In fact, their friendship with the PLO dates back to 1974, when the group's leader, Rabbi Moshe Hirsch, met with Arafat shortly after his notorious speech to the United Nations in which he waved a pistol and said, "The difference between the revolutionary and the terrorist lies in the reason for which each fights. Whoever stands by a just cause and fights for liberation from invaders and colonialists cannot be called terrorist." (Apparently Arafat believes that blowing up schoolchildren isn't terrorism if it is for a noble end. One wonders if the members of SAFE agree, for the organization quite conspicuously has refused to condemn suicide bombings.) Currently, Rabbi Hirsch is Minister of Jewish Affairs (a purely honorary position) in the Palestinian National Authority, which perhaps says more about the PNA than Neturei Karta.
Another of the group's strange bedfellows is Nation of Islam leader Louis Farrakhan, a man who has talked of "synagogues of Satan" and has called Judaism a "gutter religion." In February 2000, Rabbi Weiss appeared at a press conference to support Farrakhan. Fawning over the bigot, he said, "All those who say they are Jews who speak ill of Mr. Farrakhan are not Jews."
But not only is Neturei Karta's hatred of Israel hugely out of step with the rest of the Jewish community, including the fervently Orthodox, the group is so extreme that it actually blames the Jews for Holocaust, which it views as God's punishment for Zionism. In a March 2000 press conference Rabbi Weiss himself said that the Holocaust was divine punishment for Jews' abandonment of the Torah.
Those who attended Rabbi Weiss' talk on Wednesday had an opportunity to witness the group's lunacy for themselves. He said that Zionists are worse than Nazis, and that the United Nations is a work of Satan, and skillfully avoided answering a question asking him if he opposed Palestinian suicide bombings.

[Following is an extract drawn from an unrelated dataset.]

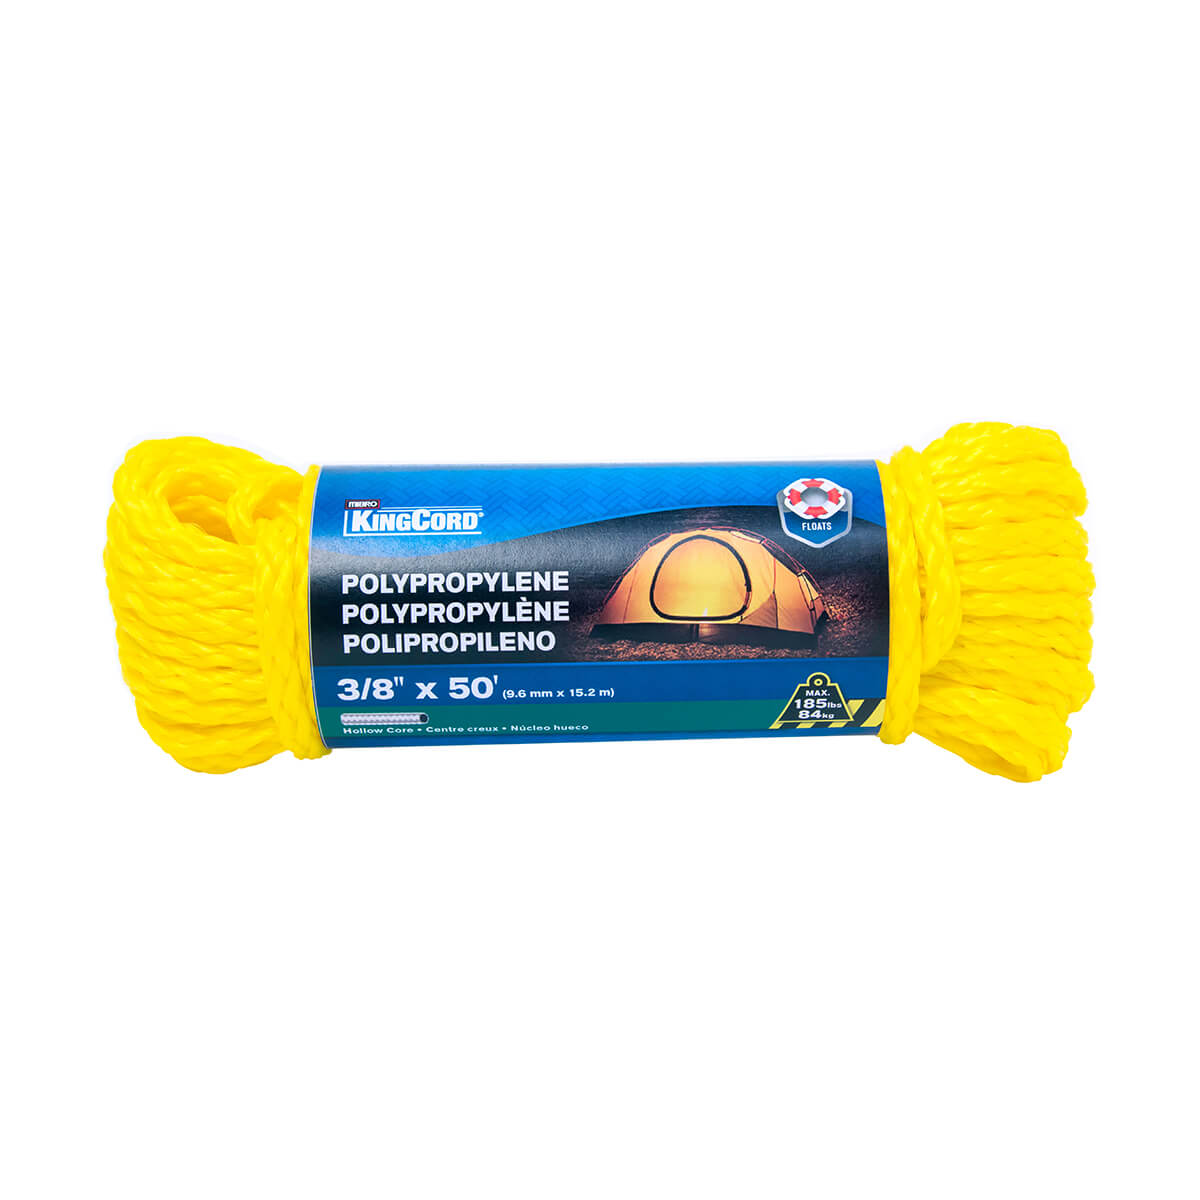 Polypropylene Hollow Core Rope - Yellow - 3/8-in x 50-ft

Needless to say, members of Neturei Karta are pariahs within the Jewish community. Treating them as representative of Jewish opinion or religion is like holding up David Koresh's Branch Davidians as typical Christians.

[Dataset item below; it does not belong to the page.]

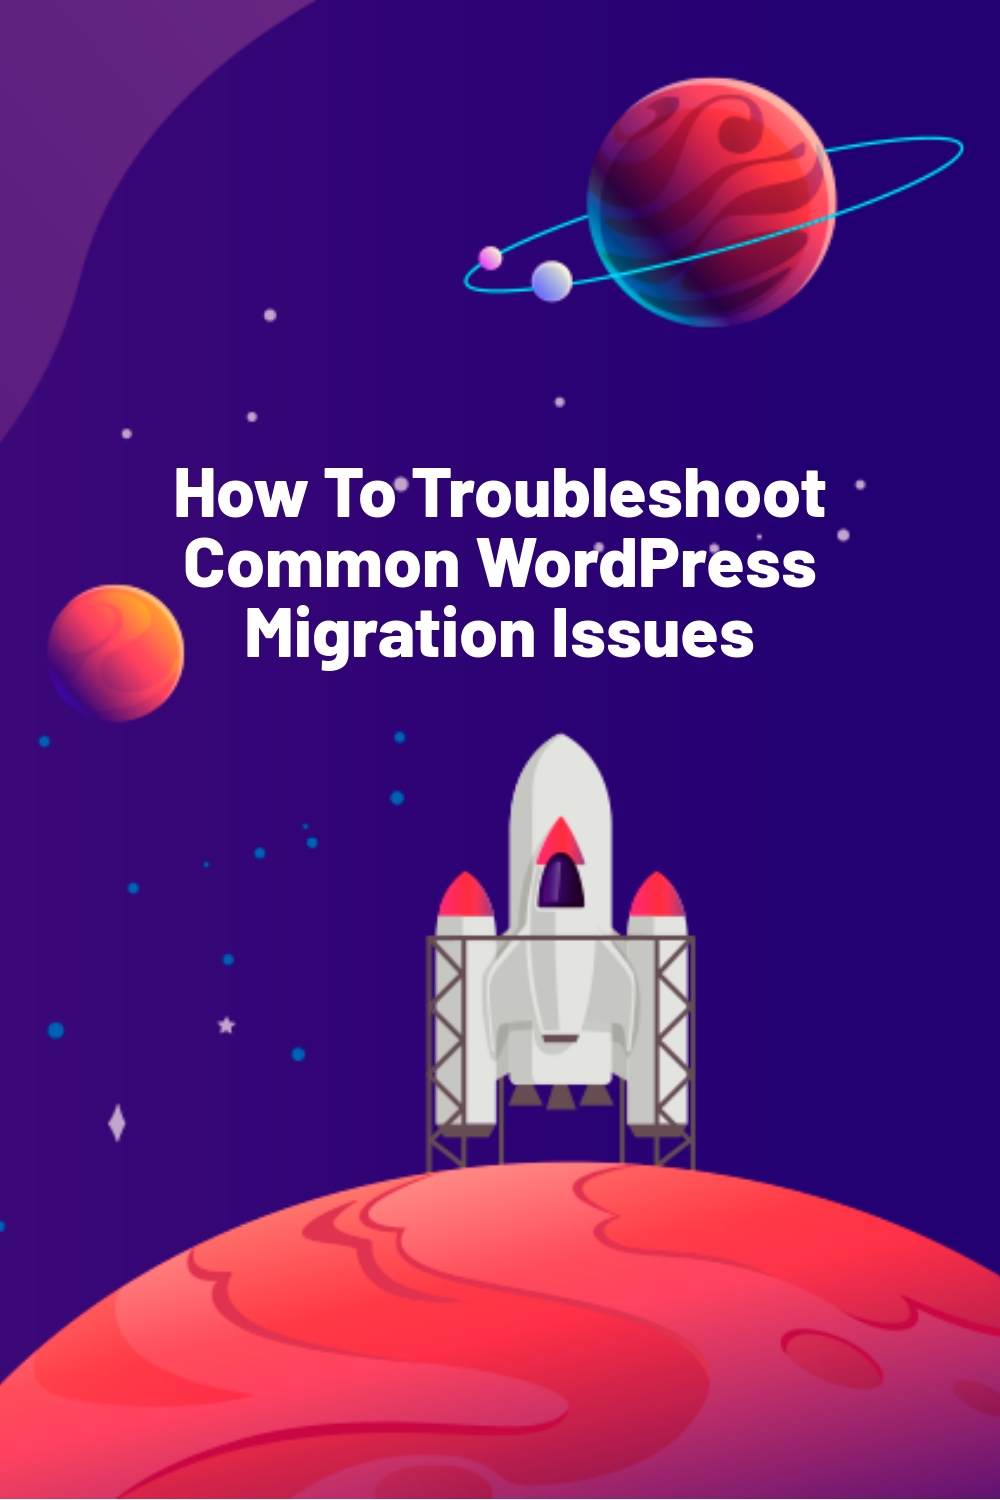 How To Troubleshoot Common WordPress Migration Issues

It is ironic that although Muslim students frequently complain that Americans misunderstand and misportray their religion, it was an utter ignorance of Judaism that was demonstrated by SAFE's hosting of Rabbi Weiss. Moreover, they were apparently unaware of Neturei Karta's fundamental beliefs, for they embarrassingly failed to realize that the religious group actually does support having a Jewish state in all of the land of Israel, including presumably all of Jerusalem and the West Bank - just not yet (since the messiah has not come).
Do pro-Palestinian students really wish to associate themselves with people who blame the Holocaust on the Jews and seek the destruction of Israel?